À la veille du congrès, l'alliance avec le RDR était dans toutes les têtes. La reconduction de Bédié rendrait peu probable une candidature PDCI à la présidentielle de 2015, alors que Ouattara a déjà annoncé qu'il chercherait à être réélu. Mais ce scénario, ni KKB, ni Djédjé Mady, ni Kouassi Yao ne veulent en entendre parler. "La vie du PDCI doit-elle s'arrêter là où s'arrête Bédié ? S'il ne veut pas être candidat, on peut trouver quelqu'un d'autre", lâche KKB.

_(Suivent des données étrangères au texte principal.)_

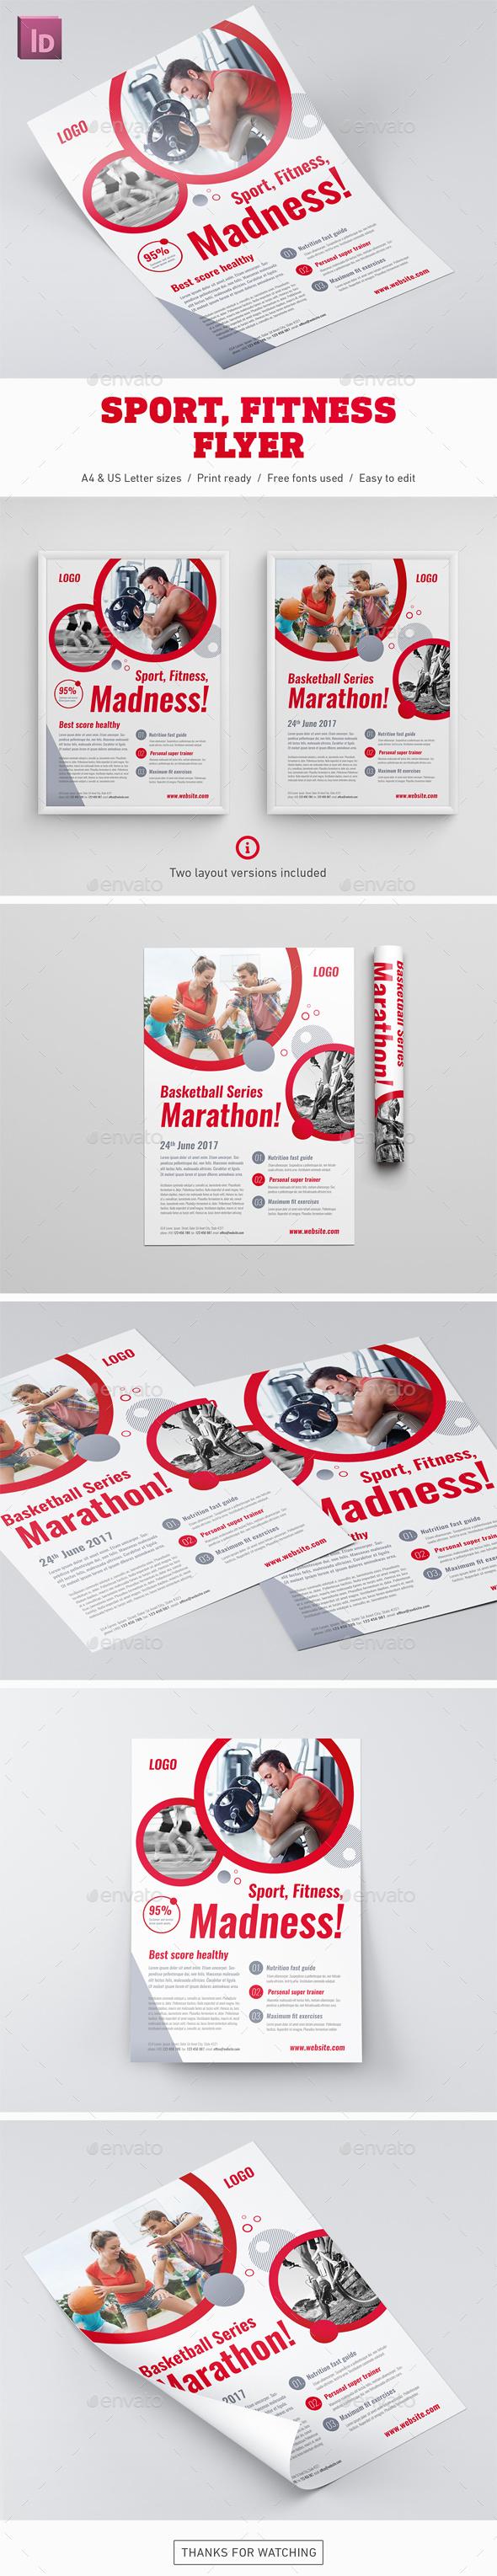 Sport Fitness Flyer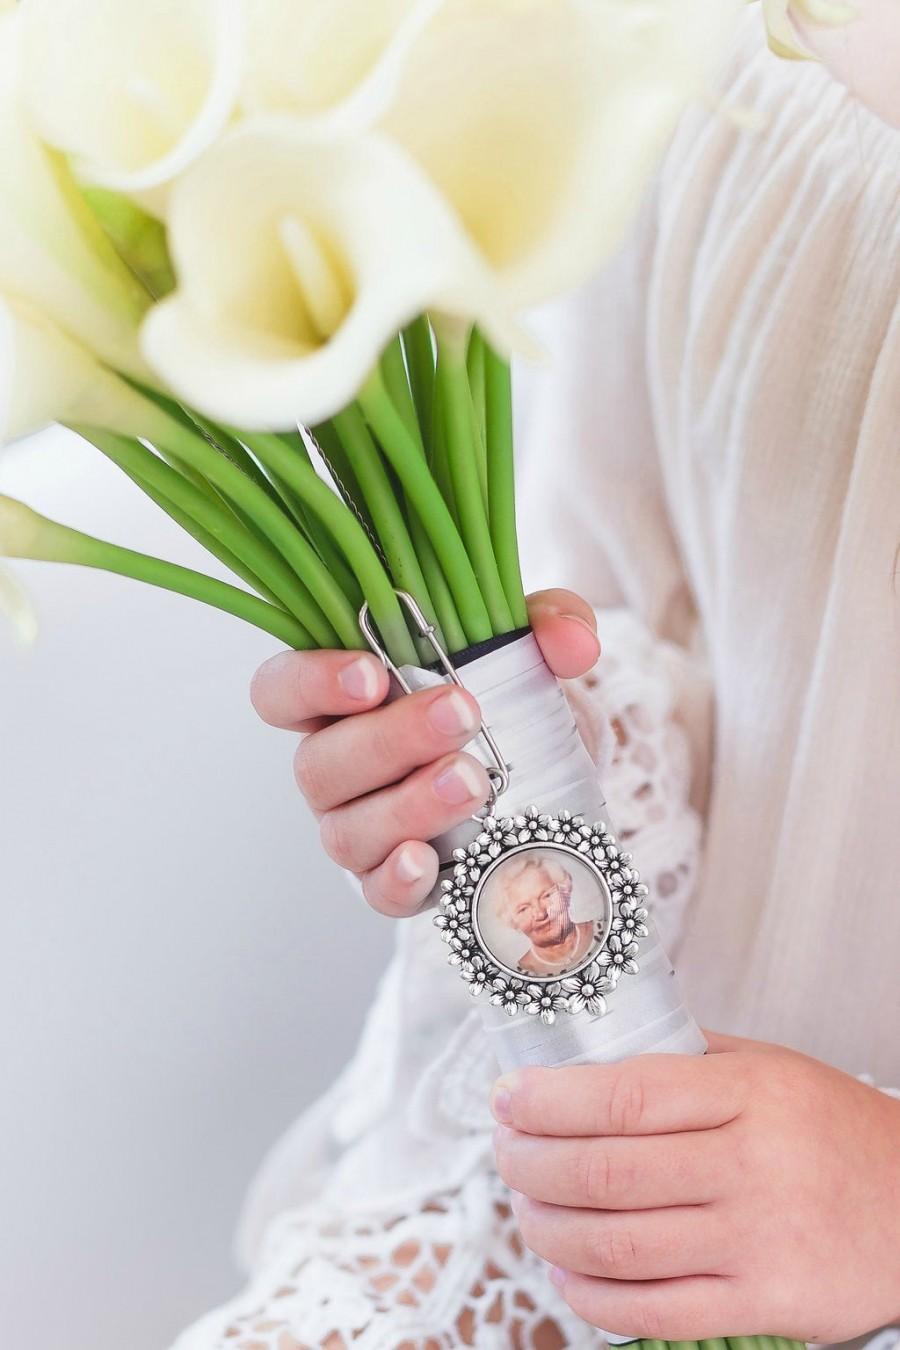 Hochzeit - Bridal Bouquet Photo Charm Bridal Bouquet Charm Bridal Bouquet Memory Charm Bridal Bouquet Charm Dad Bridal Shower Gift Personalized Custom

L'histoire classique du fils qui veut tuer le père ? L'affiche est alléchante. Mais un homme d'appareil comme KKB croit-il vraiment pouvoir l'emporter avec si peu d'appuis de cadres du parti ? Pense-t-il, dans cette partie de billard à trois bandes, pouvoir se présenter en 2015 ? Roule-t-il pour quelqu'un d'autre ? À Abidjan, les suppositions vont bon train. On avance le nom de Charles Konan Banny, l'ancien Premier ministre, qui vient de se prononcer pour la présence d'un candidat PDCI dans la course à la magistrature suprême, ou celui de Guillaume Soro, le président de l'Assemblée nationale, qui viserait lui 2020...
 
Le fruit d'un métissage ivoirien

 
Lorsqu'on lui pose la question, l'intéressé esquive. Il préfère parler de ses atouts de candidat, de son admiration pour Houphouët-Boigny et de ses attaches familiales... Né dans le sud de la Côte d'Ivoire d'une mère dida et d'un père baoulé (planteur de cacao), il parle volontiers de sa demi-soeur bétée et de sa femme mi-apollo, mi-agnie. "Je suis le fruit d'un métissage ivoirien et j'ai des liens très fort avec ce pays", dit-il. Profession de foi en main, il détaille les premières mesures qu'il mettrait en place s'il était élu, comme "l'association plus grande des militants à la prise de décision". "Je ne serai pas un président rancunier, mais rassembleur", promet-il. Avant d'ajouter, un brin insolent : "J'entretiendrai la chaîne des générations au sein du parti, car c'est elle qui fait notre force."
 
Il leur faudra mettre la main à la poche
 
Réuni le 19 septembre, le bureau politique du Parti démocratique de Côte d'Ivoire (PDCI) a fixé à 18 millions de F CFA (27 000 euros), non remboursables, la somme nécessaire pour pouvoir être candidat à la tête du parti. Cette participation, explique-t-on, doit servir à l'organisation du congrès, mais les candidats dissidents y voient une volonté de les empêcher de se présenter. "C'est une décision hallucinante, s'indigne Alphonse Djédjé Mady, secrétaire général du PDCI. Il faut à peine plus pour pouvoir se présenter à la présidentielle ! Et encore, c'est remboursable si vous obtenez 10 % des voix !" Dans le camp de Bertin Konan Kouadio, on assure que la somme sera payée.